V2X INC (VVX)
Sector: Industrials
2026 Annual Meeting Analysis
V2X INC · Meeting: May 7, 2026
Directors FOR
3
Directors AGAINST
0
Say on Pay
FOR
Auditor
FOR
Director Elections
Election of Three Class III Directors for a Three-Year Term
Parker has served since 2014 and the company's 3-year price return of 76.3% outperforms the XLI sector ETF benchmark by only 5.5 percentage points, well below the 65-point threshold required to trigger a vote against at this positive return level, and no other policy flags apply.
Niebergall was appointed to the board effective January 7, 2026, which is within 24 months of the meeting date, so he is exempt from the stock performance trigger under the new-director exemption, and no other policy flags apply.

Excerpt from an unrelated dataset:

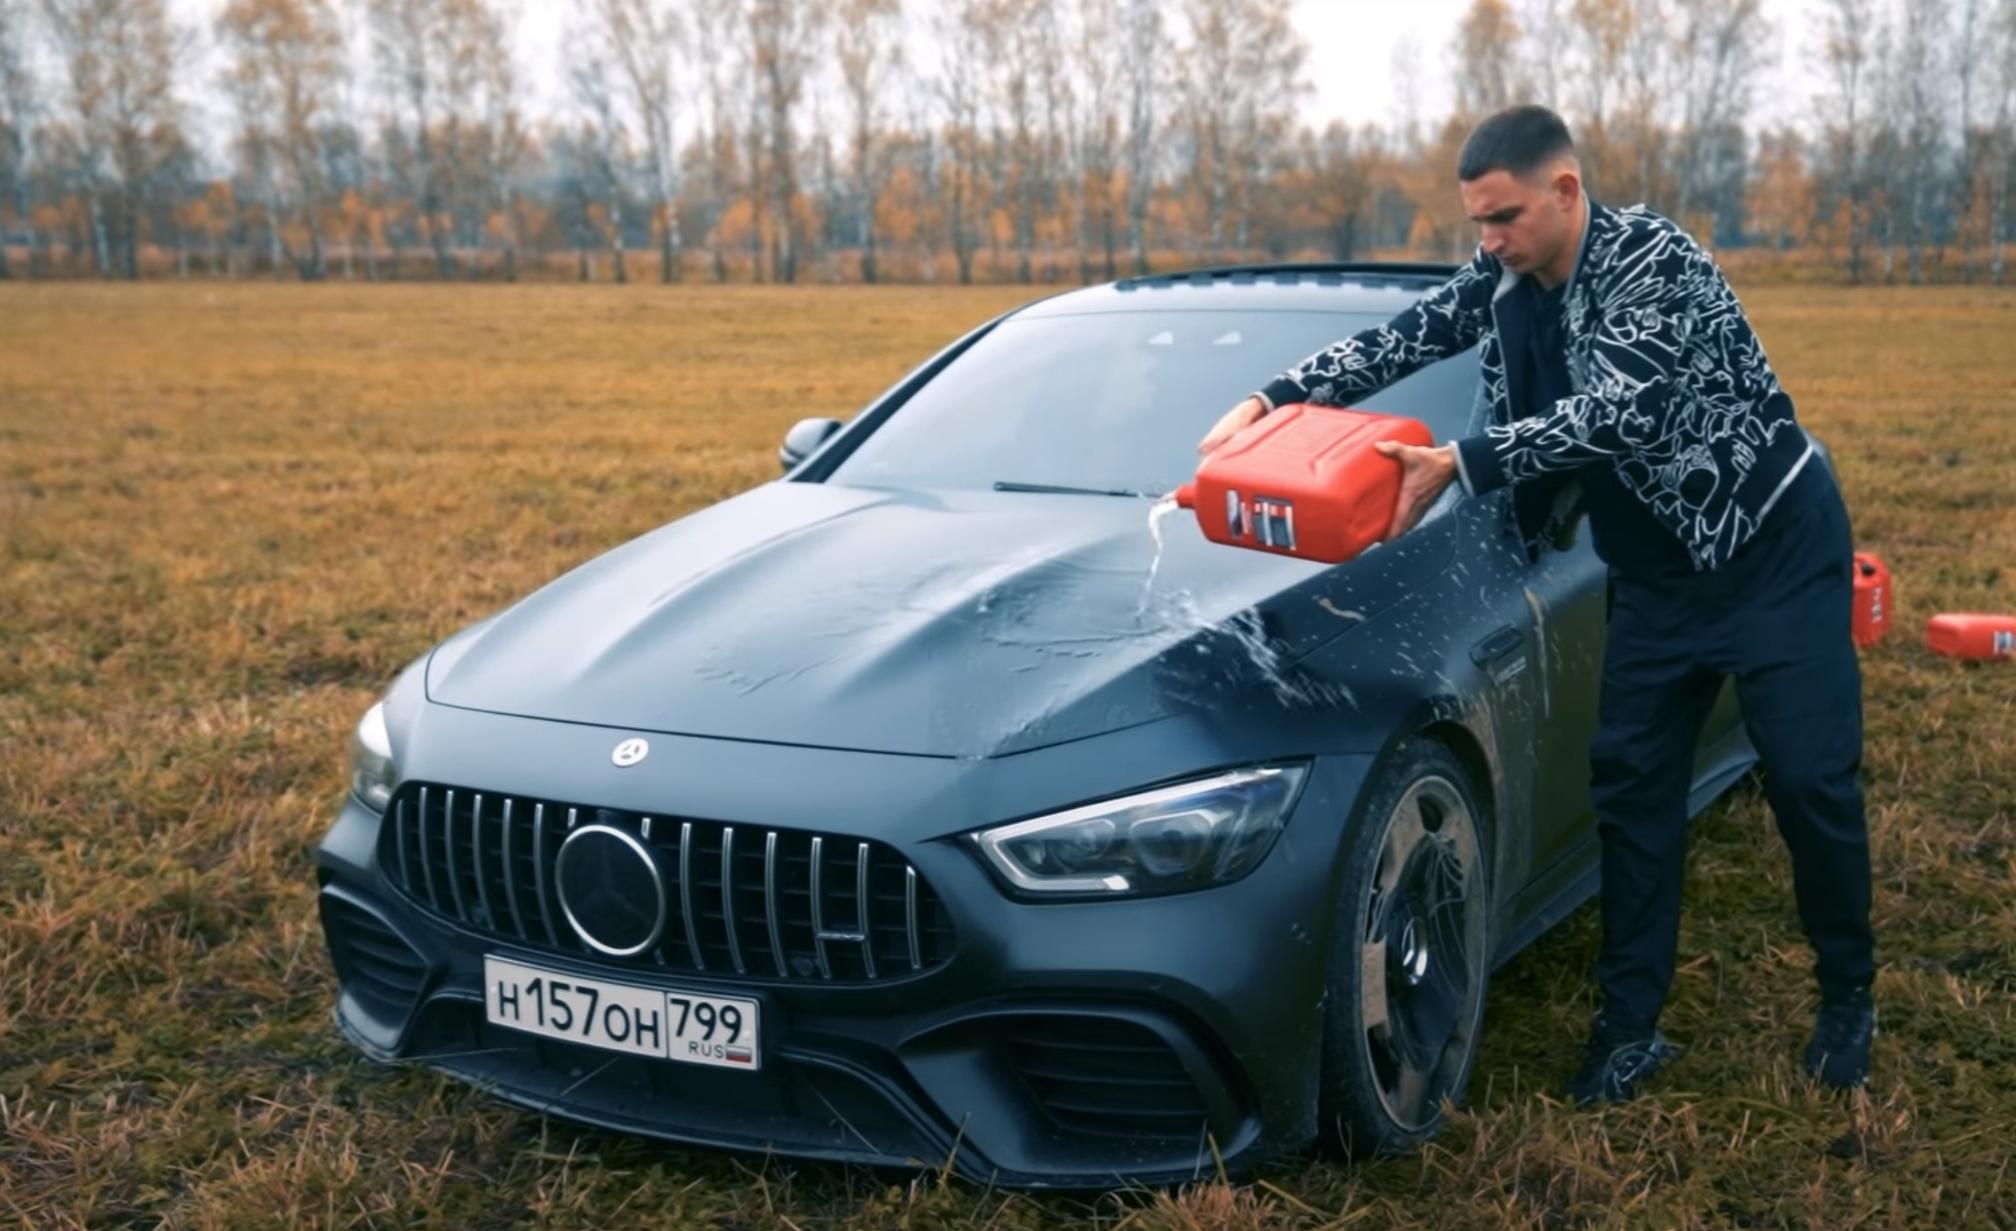 Der Influencer Mikail Litvin übergießt seinen Mercedes-AMG GT 63s Viertürer mit Benzin.

Wensinger joined the board in June 2024, which is within 24 months of the May 2026 meeting date, so he is exempt from the stock performance trigger under the new-director exemption, and as a non-independent CEO-director he holds no outside board seats, so no overboarding concern applies.
All three Class III nominees pass the applicable policy screens. Parker's long tenure overlaps with strong positive stock performance that does not breach the ETF underperformance threshold. Niebergall and Wensinger are both within the 24-month new-director exemption window and are not subject to the TSR trigger. No overboarding, attendance, independence, or familial relationship concerns were identified for any nominee.
Say on Pay
✓ FORCEO
Jeremy C. Wensinger
Total Comp
$7,980,782
Prior Support
99.1%%
The CEO received total compensation of approximately $7.98 million, which is within a reasonable range for the CEO of a $2.1 billion defense services company. The pay structure is heavily performance-based — the CEO's long-term incentive award of $4.6 million (about 58% of total compensation) is split between performance stock awards tied to relative total shareholder return and adjusted earnings per share over three years, and the annual bonus payout of approximately $1.5 million was earned at 115.2% of target based on disclosed financial metrics, reflecting genuine performance outcomes. The company received 99.1% shareholder support on last year's say-on-pay vote, and no structural changes are needed; the program design with meaningful performance conditions, a clawback policy, and double-trigger change-in-control provisions reflects sound governance.
Auditor Ratification
✓ FORAuditor
RSM US LLP
Tenure
N/A
Audit Fees
$3,277,212
Non-Audit Fees
$190,000
Non-audit fees of $190,000 represent approximately 5.8% of audit fees of $3,277,212, well below the 50% threshold that would raise independence concerns. Auditor tenure is not disclosed in the proxy, so under the policy the tenure trigger does not fire and no negative inference is drawn. No material financial restatements were identified. RSM is a large national firm appropriate for a $2.1 billion public company.
Overall Assessment
The 2026 V2X annual meeting ballot contains three standard proposals: election of three Class III directors, ratification of RSM as auditor, and an advisory vote on executive pay. All three proposals pass the applicable policy screens and support is warranted across the board, reflecting strong stock performance relative to the XLI benchmark, low non-audit fees, a pay program that is predominantly performance-based, and overwhelming prior shareholder endorsement of the compensation structure.